Saturday, May 20, 2017

Take Jeff Davis Statue Out of the KY Capitol Rotunda Now

Motherfucker might have been born in Kentucky, but he made his home in Mississippi.  Contrary to the hallucinations of the Commonwealth's many Defenders of Treason in Defense of Slavery, Kentucky never seceeded from the Union, never committed Treason in Defense of Slavery, never joined the Confederacy.

Jefferson Davis has no business looming over people in the Capitol Rotunda as if he were a hero.  He's a traitor, and a motherfucking piece of shit.  Get his statue the fuck out of there and replace it with one of a genuine Kentucky hero:  Muhammad Ali.

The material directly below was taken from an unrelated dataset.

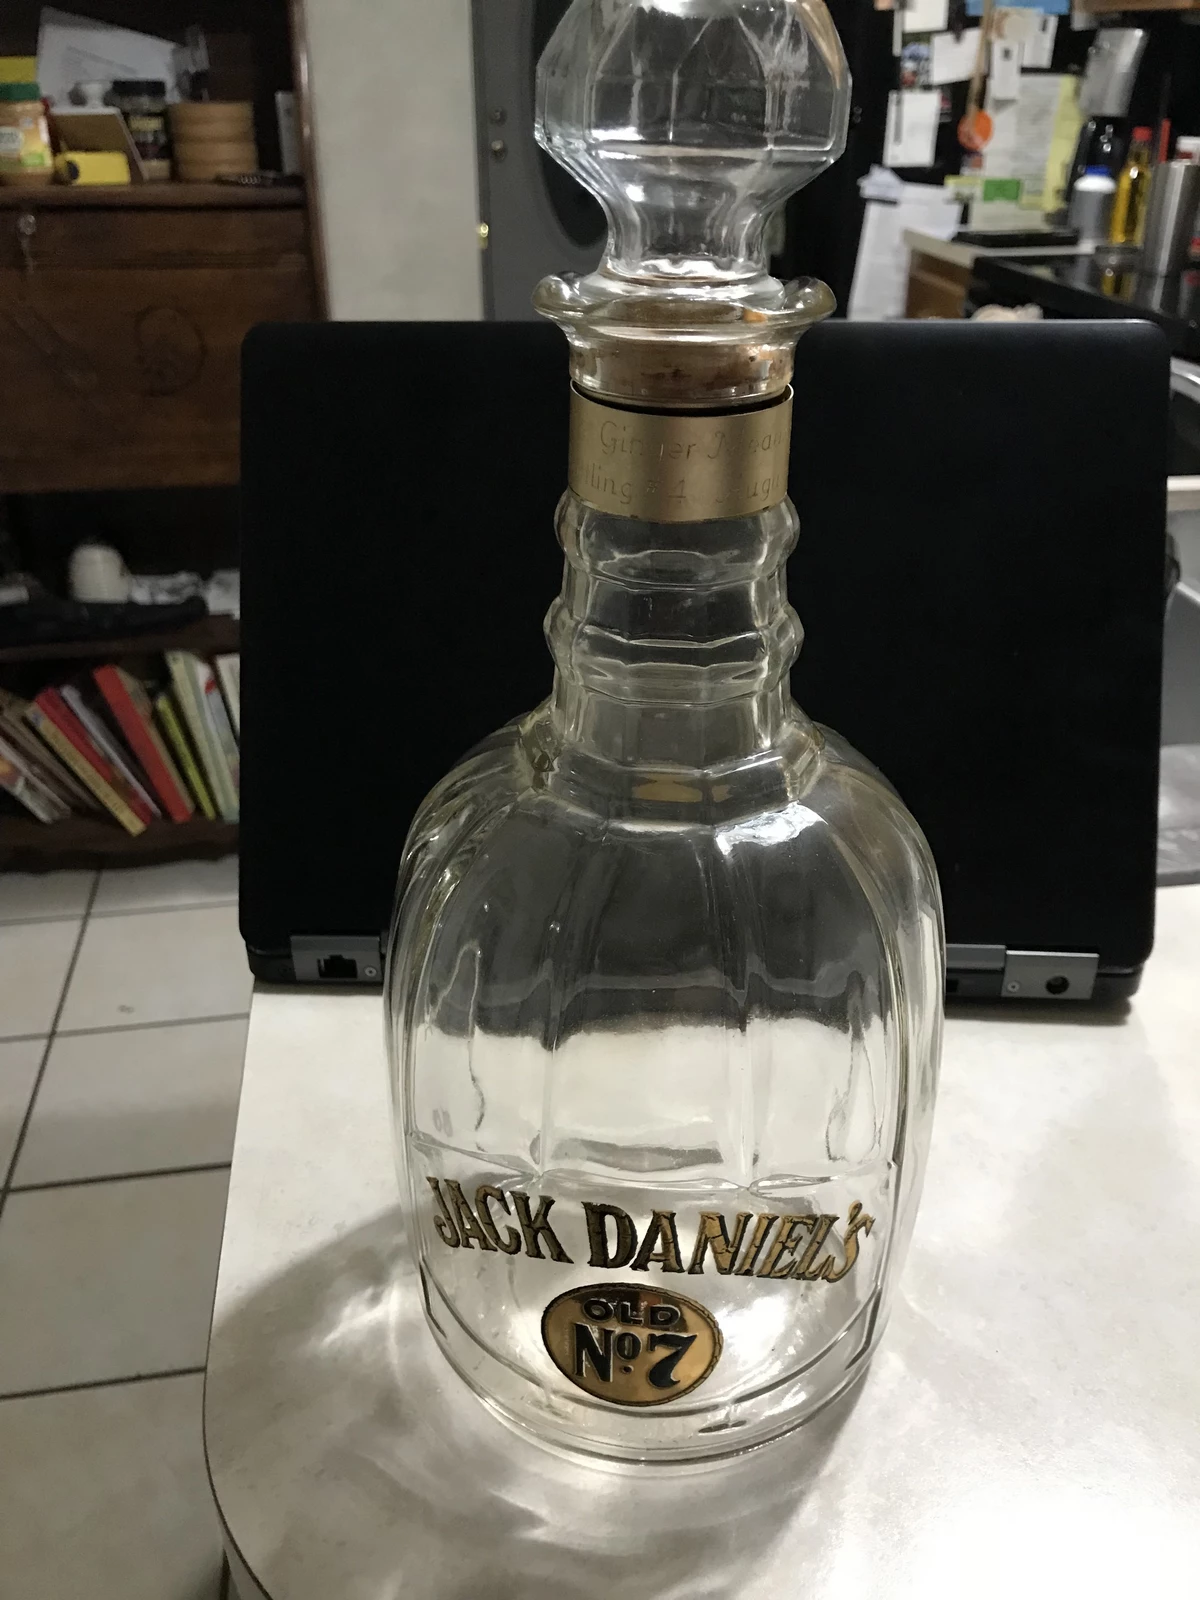 Jack Daniels Old No. 7 Whiskey Decanter Bottle

Erik Loomis on the removal of a statue of Jefferson Davis in New Orleans last week:

This is genuinely a wonderful thing. Again, these aren’t “monuments to history.” They are expressions of Jim Crow power, placed on the population of New Orleans at a moment where black voting and social rights had been repressed by force. They served, in the minds of the people who erected them, as social lessons to the black population, reminding them who was still in charge. There is no good reason to keep these statues up.
 UPDATE: New Orleans Mayor Mitch Landrieu's op-ed:
But New Orleans was also America’s largest slave market: a port where hundreds of thousands of souls were brought, sold and shipped up the Mississippi River to lives of misery and torture. Our history is forever intertwined with that of our great nation — including its most terrible sins. We must always remember our history and learn from it. But that doesn’t mean we must valorize the ugliest chapters, as we do when we put the Confederacy on a pedestal — literally — in our most prominent public places.
The record is clear: New Orleans’s Robert E. Lee, Jefferson Davis and P.G.T. Beauregard statues were erected with the goal of rewriting history to glorify the Confederacy and perpetuate the idea of white supremacy. These monuments stand not as mournful markers of our legacy of slavery and segregation, but in reverence of it. They are an inaccurate recitation of our past, an affront to our present and a poor prescription for our future.
The right course, then, is to excise these symbols of injustice. The Battle of Liberty Place monument was not built to commemorate the fallen law enforcement officers of the racially integrated New Orleans police and state militia. It was meant to honor members of the Crescent City White League, the people who killed them. That kind of “honor” has no place in an American city. So, last month, we took the monument down.
This week, we began the removal of a statue honoring Davis, and soon thereafter Lee and Beauregard. It won’t erase history. But we can begin a new chapter of New Orleans’s history by placing these monuments, and the legacy of oppression they represent, in museums and other spaces where they can be viewed in an appropriate educational setting as examples of our capacity to change.
After we’re done moving these monuments, we’ll face an even greater task: coming together to decide who we are as a city — and as a nation. Over the past few years, before the monument removal effort, we began Welcome Table New Orleans, which facilitates tough conversations about race and brings various communities together on projects in their neighborhoods. As part of our work, residents have discussed and designed reconciliation projects, such as a mural and oral history project on what was once part of a plantation, as monuments to the future, not the past.
Lexington Kentucky was the biggest slave market north of New Orleans. Long past time the snooty denizens of that city (in which I was raised, so I know of what I write) get their snowy white asses down off their thoroughbred high horses and demand the removal of Jeff Davis.